Funérailles

Ce matin, nous avons enterré Suss

Lundi 28 novembre 2011 par Ouri Wesoly

S’il existe de beaux enterrements, c’en était un. Déjà, il faisait un temps splendide à Kraainem, ce matin : ensoleillé, ni trop froid ni trop venteux. Un temps à prendre son temps. Ca tombait bien : personne n’était pressé de se séparer de Suss.

 

Des gens ? Bien entendu qu’il y avait des gens. Beaucoup. Davantage. En fait, tout le monde était là. Songez à quelqu’un qui aurait pu y être. Et bien, il y était. Et des personnalités ? Evidemment.

Des politiques, surtout. Des importants d’hier, des puissants d’aujourd’hui, des encore ministres - dont beaucoup le redeviendront demain. Et le probable futur Premier ministre, si vous voulez tout savoir.

D’autres du monde des arts ou du spectacle, juifs ou non. Tous là à titre personnel. Pas pour se faire voir.

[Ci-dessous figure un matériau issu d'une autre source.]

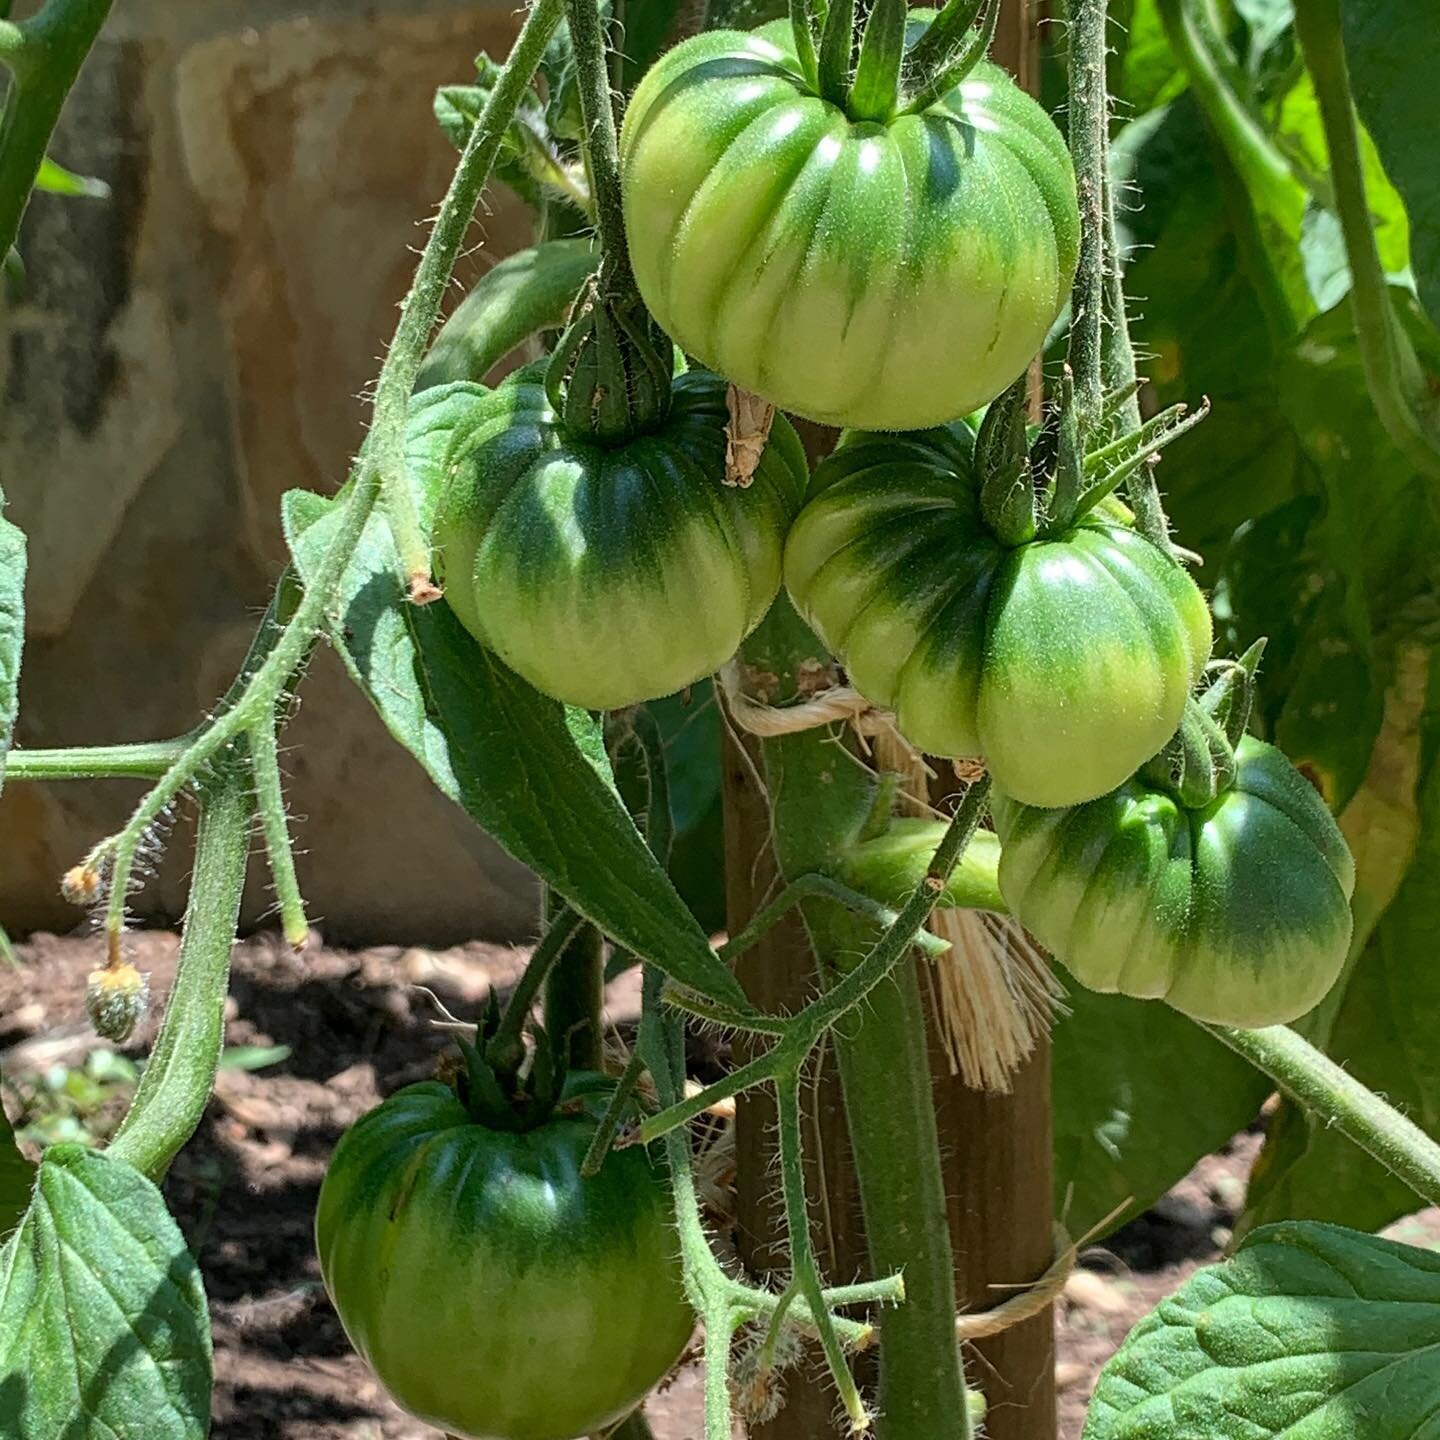 My 2021 tomato garden is looking good! @tomatomania #laurelgarza #heirloomtomatoes #losangeles #vegetablegarden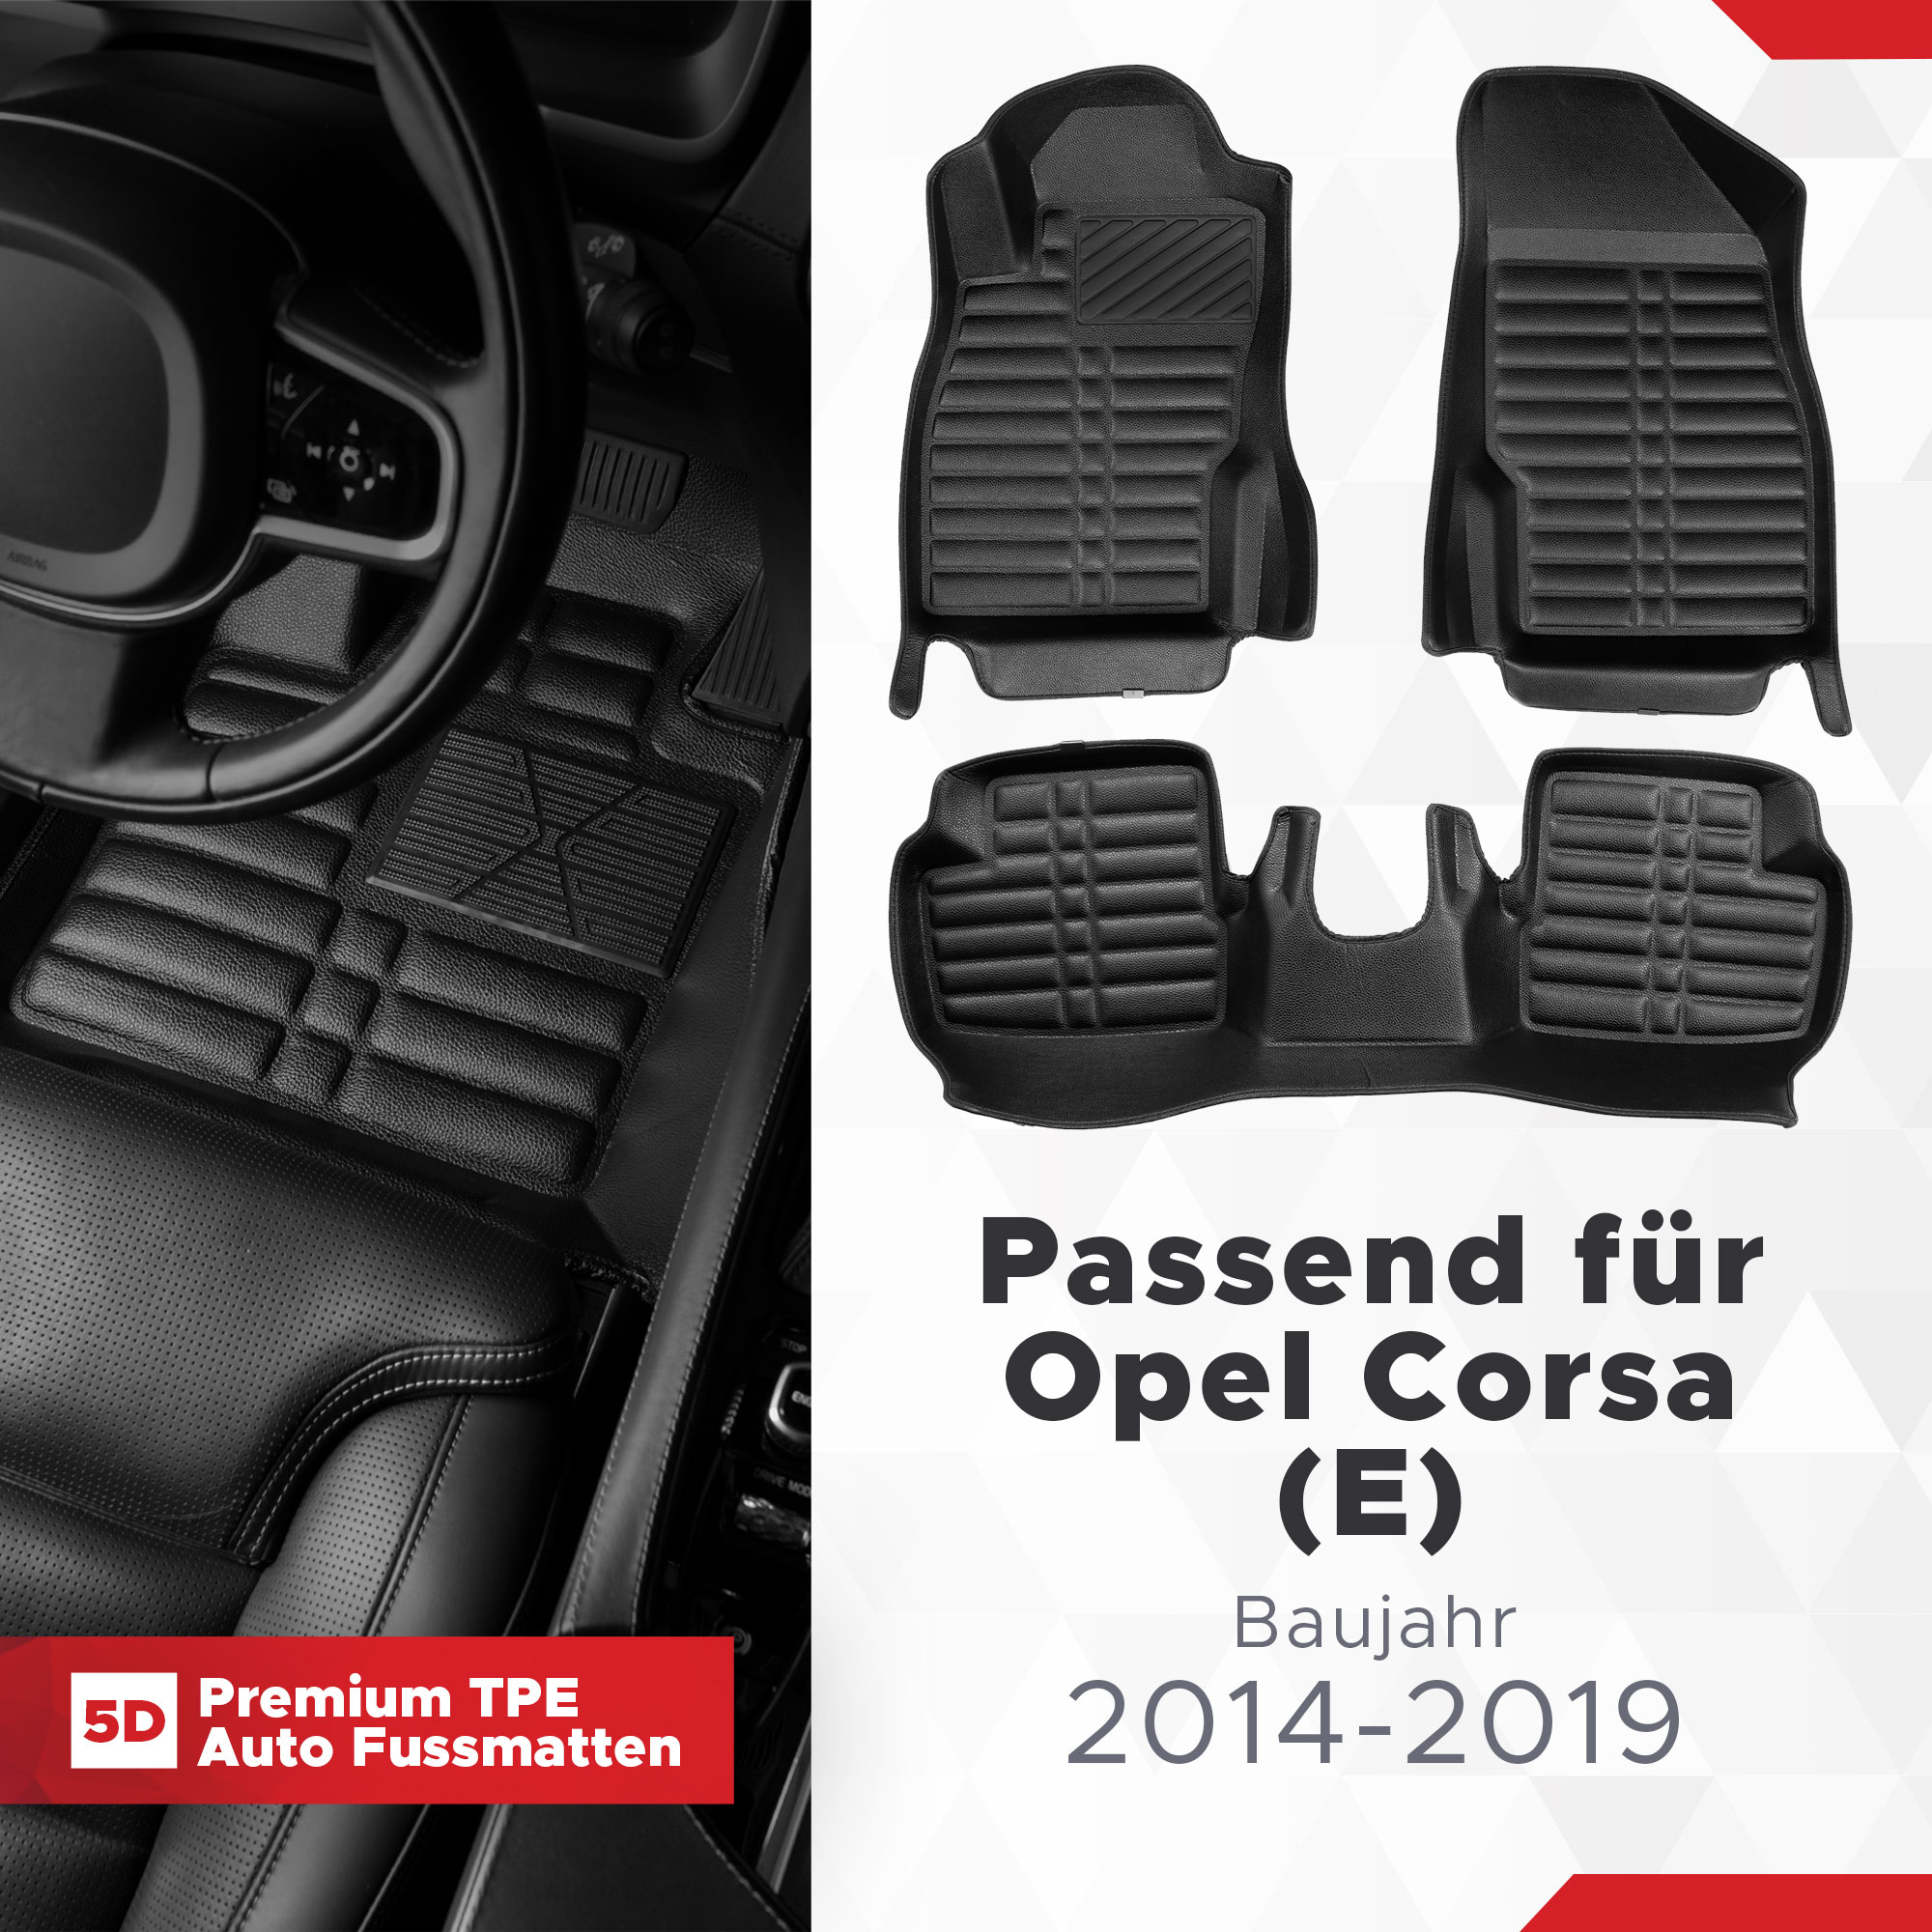 5D Opel Corsa (E) Fussmatten Bj 2014-2019 TPE

Juste des amis de Suss, passés lui dire « au revoir », comme tout le monde : en jetant une pelletée de terre sur son cercueil.

Et, à l’image de tous les enterrements, avant que ne commence la cérémonie, la foule s’agglutine, les retardataires se pressent d’arriver, les salutations s’échangent, accompagnées de regards attristés.

Une masse mouvante, bourdonnante de conversations. Puis, à mesure que l’attente se prolonge, des éclats de voix, de rire, parfois… A ce sujet, elle n'est pas scientifique, mais on a cette théorie : ce n’est pas (seulement) de la grossièreté ou de l’indifférence. On voit aussi là une protestation (inconsciente, forcément inconsciente) contre le silence et l’immobilité qui prévalent en ce lieu. Une manifestation de la vie, voyez-vous. La vie qui ne se résigne pas, qui se révolte, qui ne parvient pas à y croire.

Surtout dans ce cas précis : Suss, vraiment ? David Susskind ? Là dedans ? Ce n’est pas lui qui va parler alors ? Mais non, ce sont ses proches qui, tour à tour, chacun à leur façon, l’évoqueront.

Amos, son fils en dissimulant son chagrin derrière une sorte de colère, Tony, sa sœur, sa plus vieille compagne de souffrances et de joies aussi, d’une voix brisée se transformant soudain en un hurlement d’agonie.

Tony, qui a apporté un peu de terre d’Israël à mêler à la nôtre. Elle le connaît, elle sait que ça, cela lui  fait vraiment plaisir, à Suss. Et tous qui parleront avec la même émotion, le même sentiment de perte de « leur » Suss.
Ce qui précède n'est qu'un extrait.